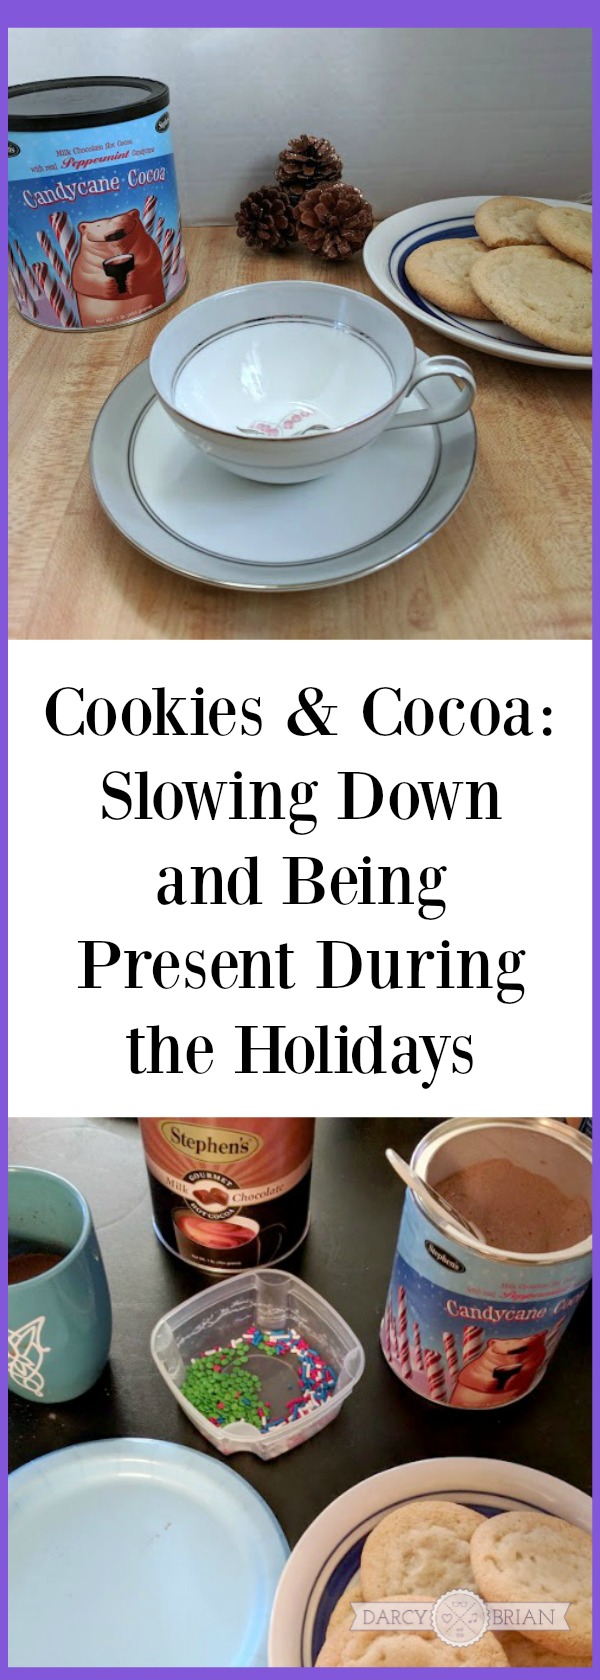 AD: How do you slow down during the holiday season to be present with your kids? Click to read how this mom uses hot cocoa to do just that as part of a family holiday tradition. #StephensGourmet
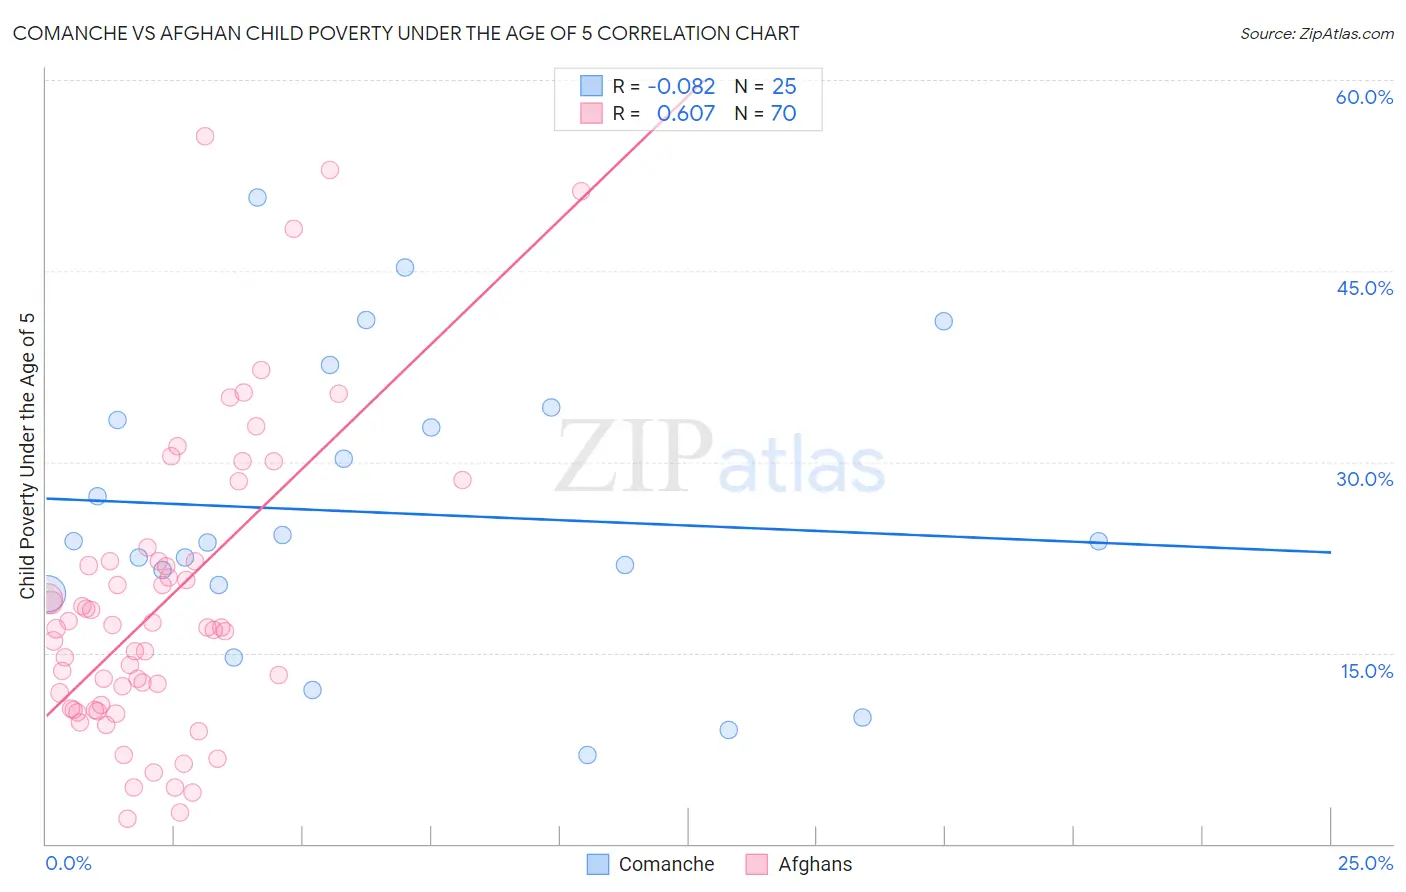 Comanche vs Afghan Child Poverty Under the Age of 5
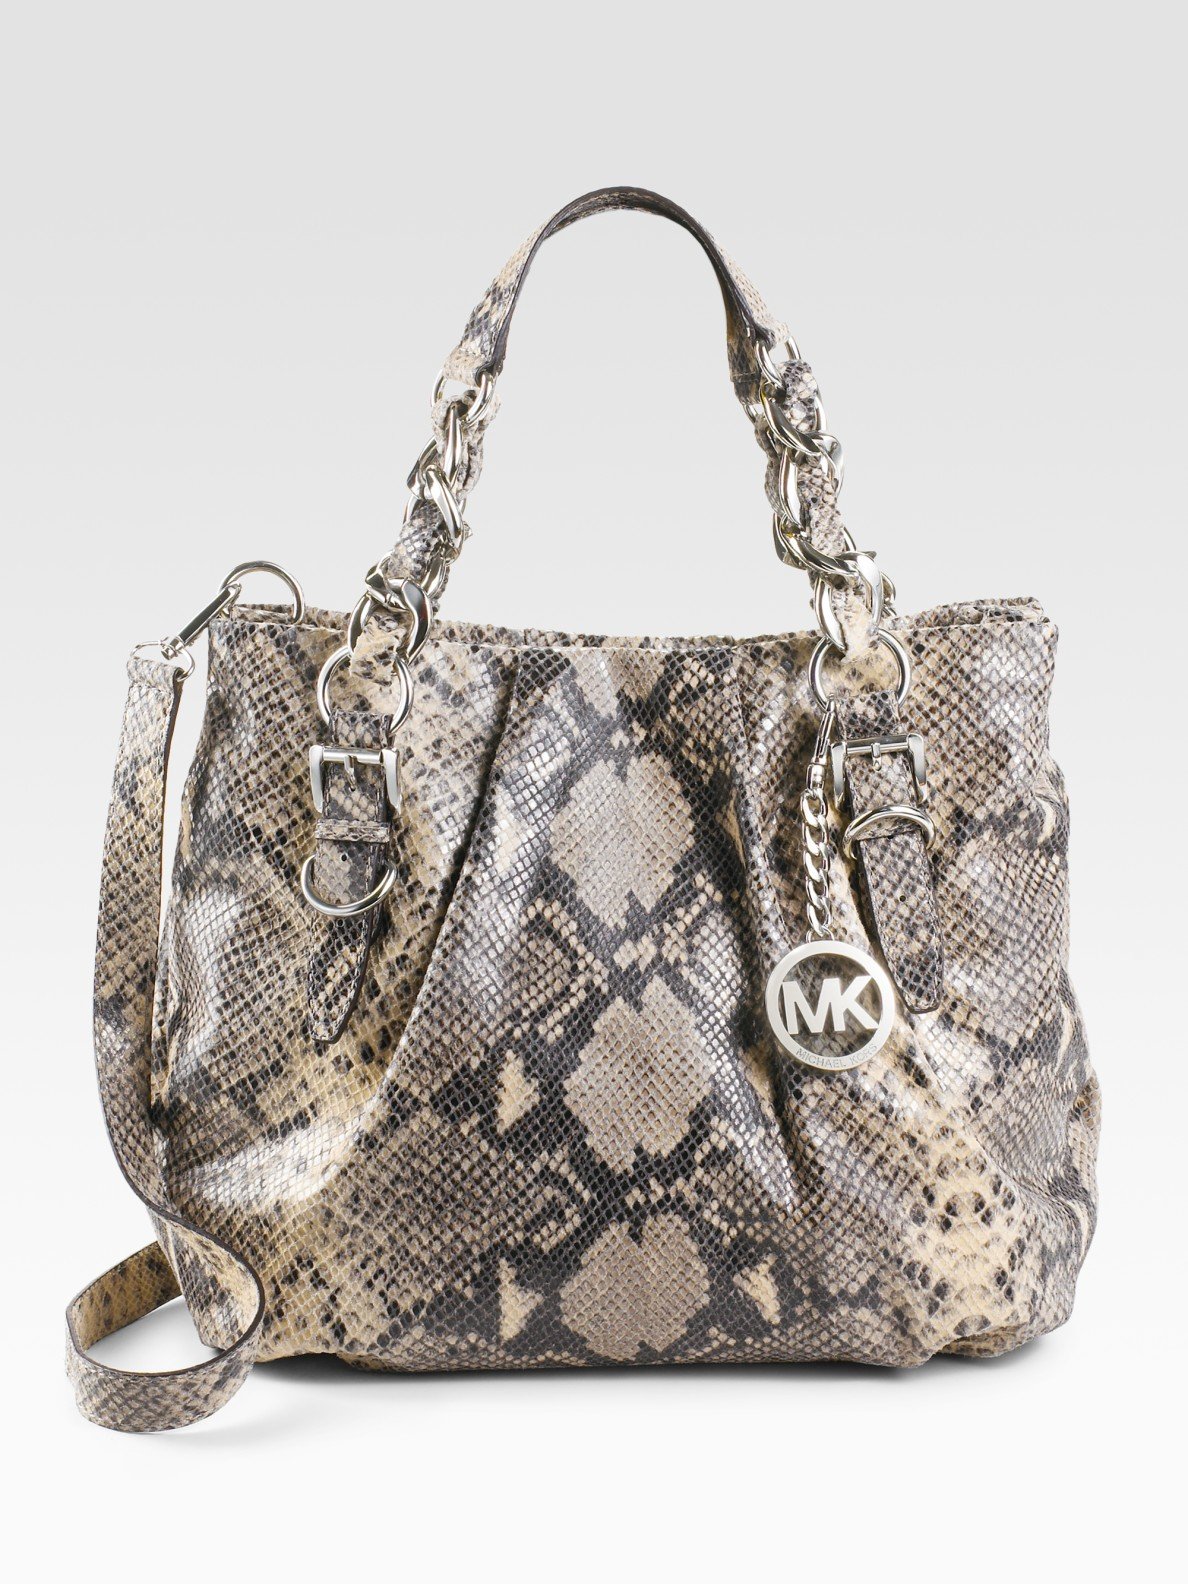 Lyst - Michael michael kors Embossed Python Leather Tote Bag in Natural

_ _ _ _ _ _ _

(Problem description) Return the listing above in full and without alteration, excluding its pictures.

(Your response)
 AD: How do you slow down during the holiday season to be present with your kids? Click to read how this mom uses hot cocoa to do just that as part of a family holiday tradition. #StephensGourmet
 Comanche vs Afghan Child Poverty Under the Age of 5
 Lyst - Michael michael kors Embossed Python Leather Tote Bag in Natural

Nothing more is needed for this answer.